Wang’s conscience led him to operate outside the party’s supervision. He also declined to hide the church and its activities. Wang posted his sermons online and the church held services in an office tower – rather than secretly in someone’s home – where it also ran schools and a library.  

In the forward to a collection of essays about the house church movement by Wang and others, Ian Johnson, the author of The Souls of China, described Wang’s approach as “radical openness.” While that approach entailed risks, Wang felt it was essential.  “I feel that the bigger risk is being underground,” he told Johnson, “We won’t have a free attitude if we don’t act free. A basic attitude of being a Christian is to be free. But you can’t act free if you think you’re a criminal.”  

As for the party’s effort to portray Christianity as alien and dangerous to China, Wang considered it neither “`Western’ nor ‘foreign’ but a universal faith that just happened to have been founded in the part of the world that we today call the Middle East,” Johnson wrote.    

By the time the authorities raided Early Rain and arrested Wang, it had grown to several hundred members. Part of the appeal was Wang’s sermons, according to Johnson.  

These “were not homilies he squeezed into the service quickly so everyone could get to the parish hall for coffee and donuts,” Johnson wrote. Instead, “they were beautifully crafted, logically organized educational experiences in Christianity.… He didn’t present Christianity as an obligation or chore but as an essential part of making sense of the society around us.”   

`In the Face of Persecution, What Will I Do?’ 

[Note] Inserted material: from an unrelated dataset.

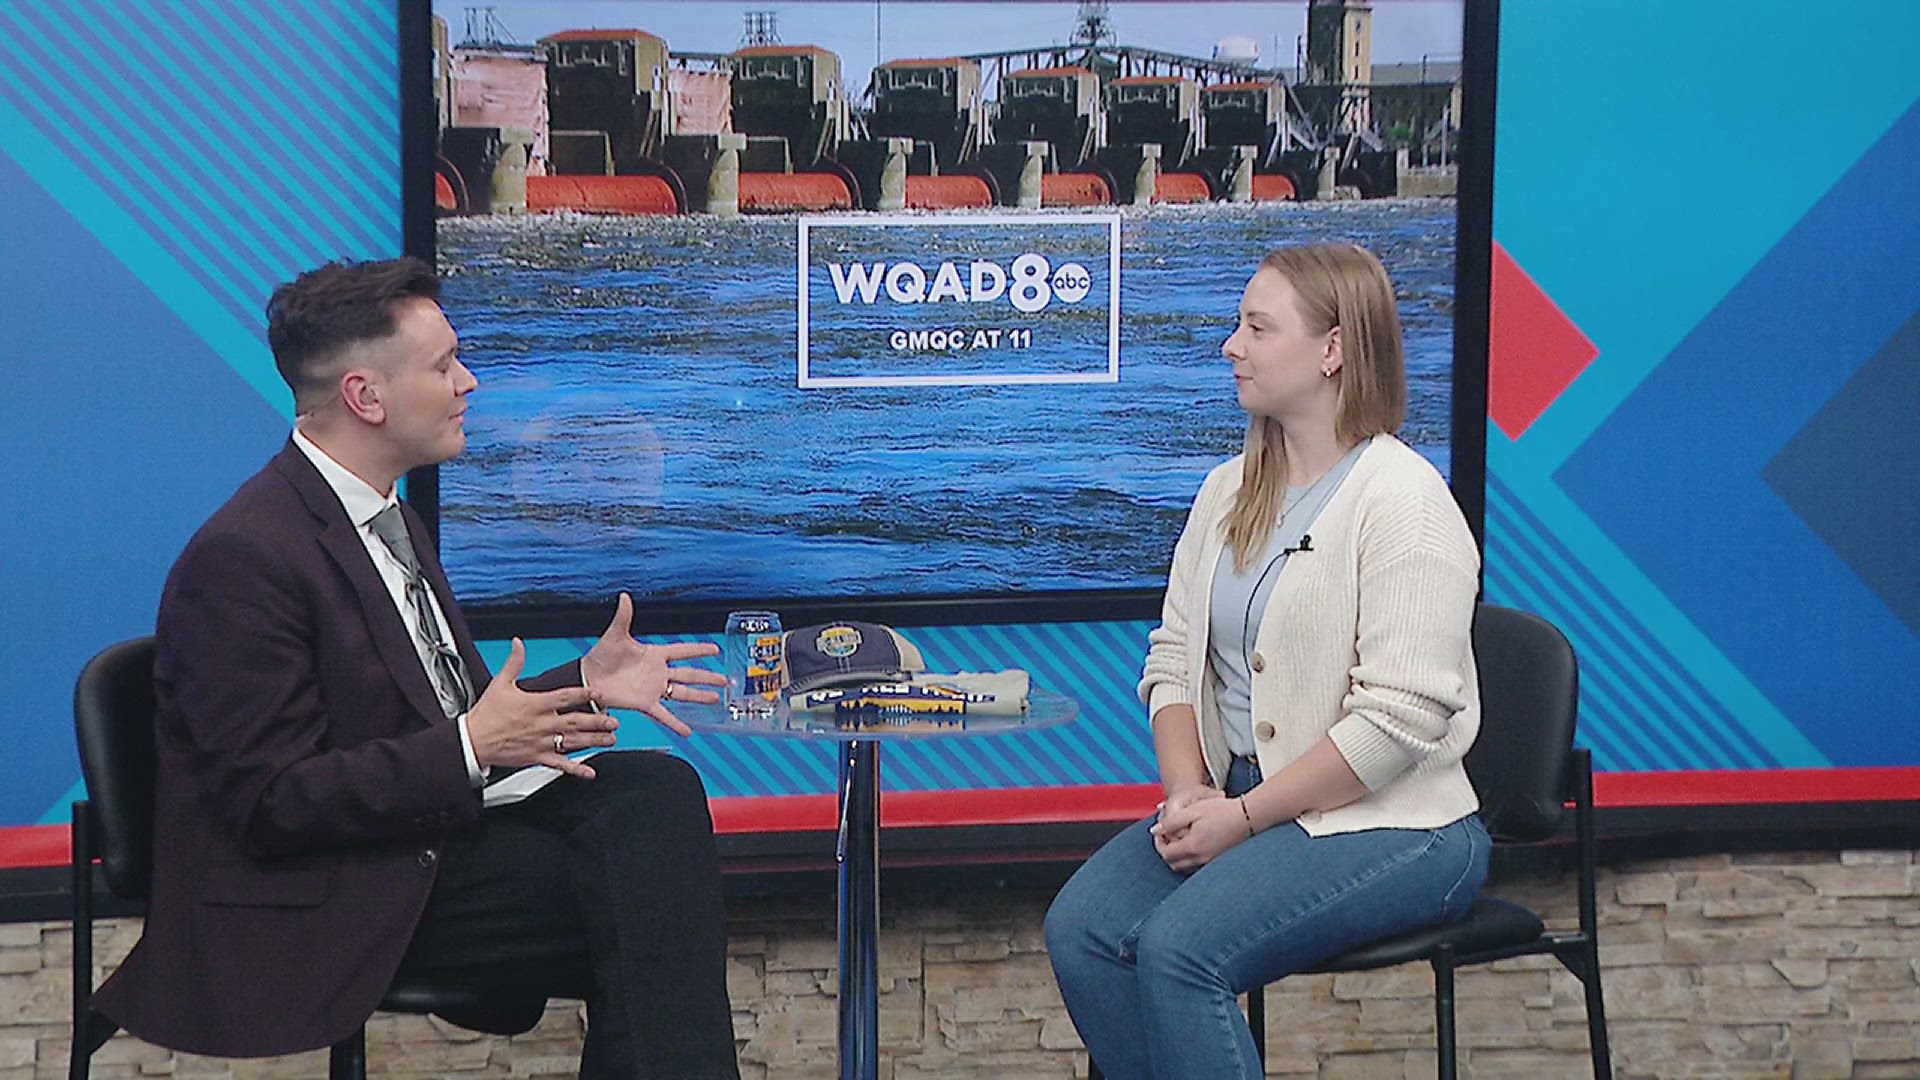 News 8's David Bohlman sits down with Lindsey Rowe to talk about the QC Craft Beer Week and what people can expect from it.
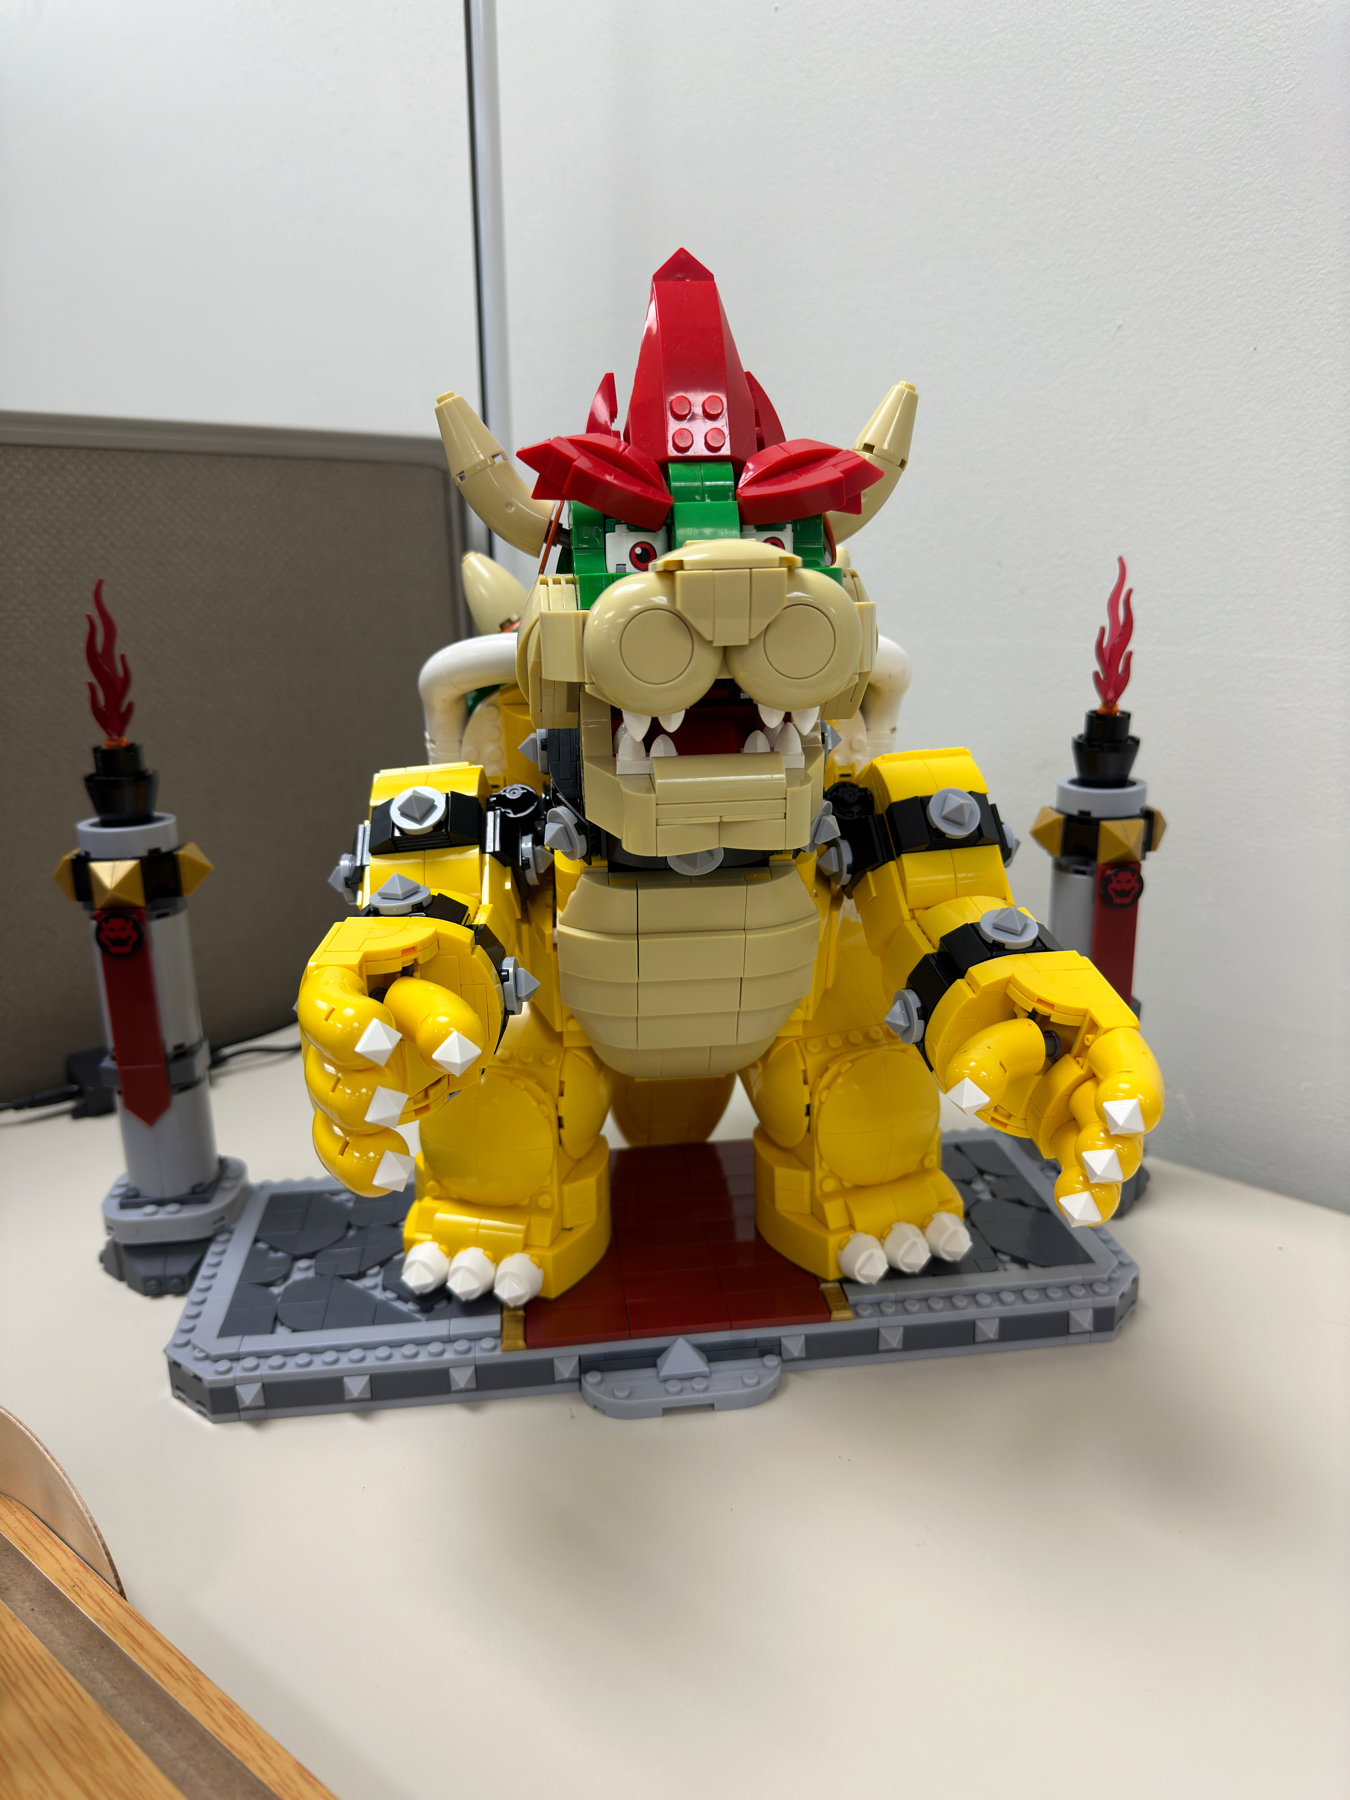 A LEGO model of a yellow and red dragon displayed on a desk, with brick-built flames on either side of the base platform.

Wang also wrote another document in the months before his arrest: “In the Face of Persecution, What Will I Do?” consists of a series of detailed pledges he said he would keep before his arrest and while in prison.  

He said he wouldn’t admit guilt or accept “ideological reform,” which is coercive indoctrination that the party conducts in prisons and labor camps. He planned to continue “sharing the Gospel whether in the police station, detention center, prison, or any other detention facility.”  

Wang also resolved to “request the freedom to obtain and read the Bible during my breaks from inquiry and interrogation. If I cannot acquire or am forbidden to read the Bible, I will disobey in a peaceful manner and will not cooperate with the police’s inquiry and questioning.”  

A caveat runs through the document: Wang would uphold his pledges “unless the police torture me brutally to the point of crushing my health and spirit.”    

The lack of news about Wang is troubling.  

“No one has been able to verify his mental and emotional health,” Rana Siu Inboden of the Robert S. Strauss Center at the University of Texas at Austin told me. “The Chinese government refuses [to let] Wang Yi’s family or international experts to visit him. If the Chinese government has treated him well and is respecting human rights as they state, they should allow unfettered access to Wang Yi and other prisoners of conscience.”  

President Joe Biden didn’t mention human rights, democracy, or political prisoners in his State of the Union Address in March, when he listed the ways he said his administration is “standing up” to China – such as on Taiwan and trade.  

Biden has also argued that the struggle between democracy and authoritarianism will “define our future.” That struggle will be won by individuals like Wang Yi, who sacrifice their freedom, health, and sometimes their lives. The United States should do everything it can to support them.